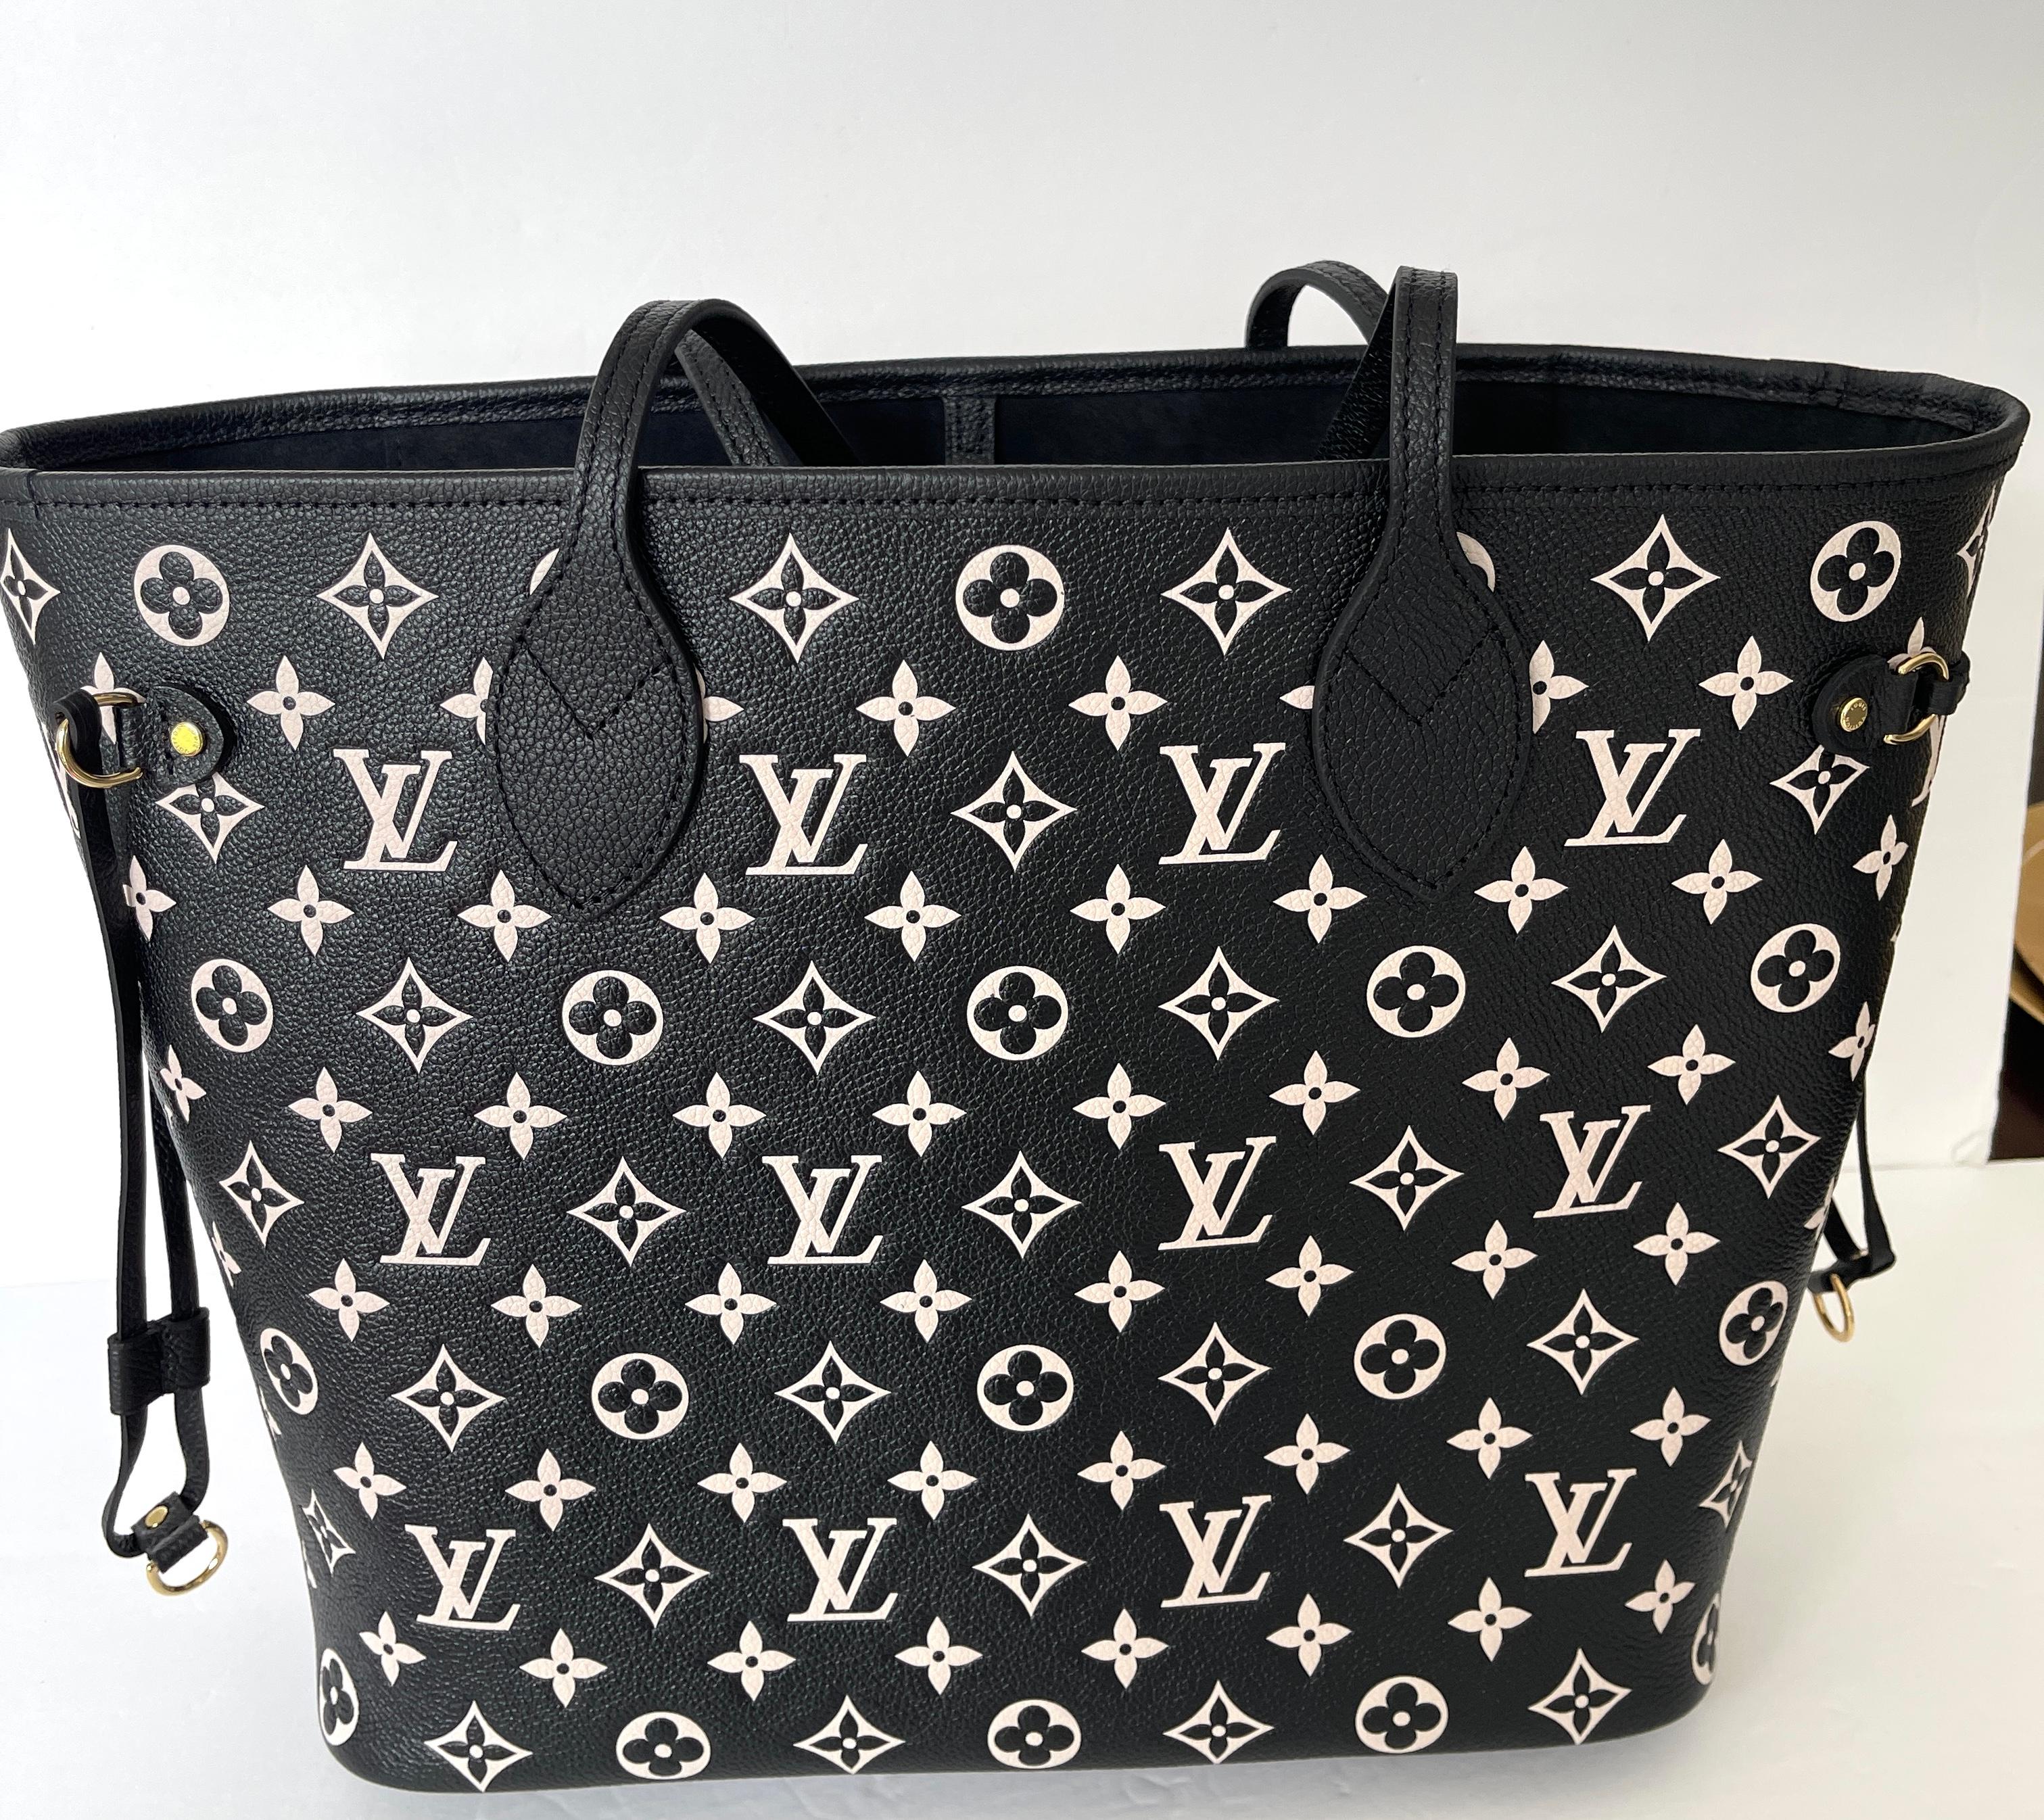 Louis Vuitton Neverfull
SOLDOUT AT LV
Done in Empriente Leather, unlike the canvas editions
Empriente  Monogram Neverfull
A must for the avid collector
The Neverfull MM Size
Black White and Pink Pouch
Style number M46103
12.2 x 11 x 5.5

....................

▶ **Exercise directions**: Please repeat, exactly and only, the lines from the one containing "The Neverfull MM Size" through the last line of the records, both included.

▶ **Exercise answer**:
The Neverfull MM Size
Black White and Pink Pouch
Style number M46103
12.2 x 11 x 5.5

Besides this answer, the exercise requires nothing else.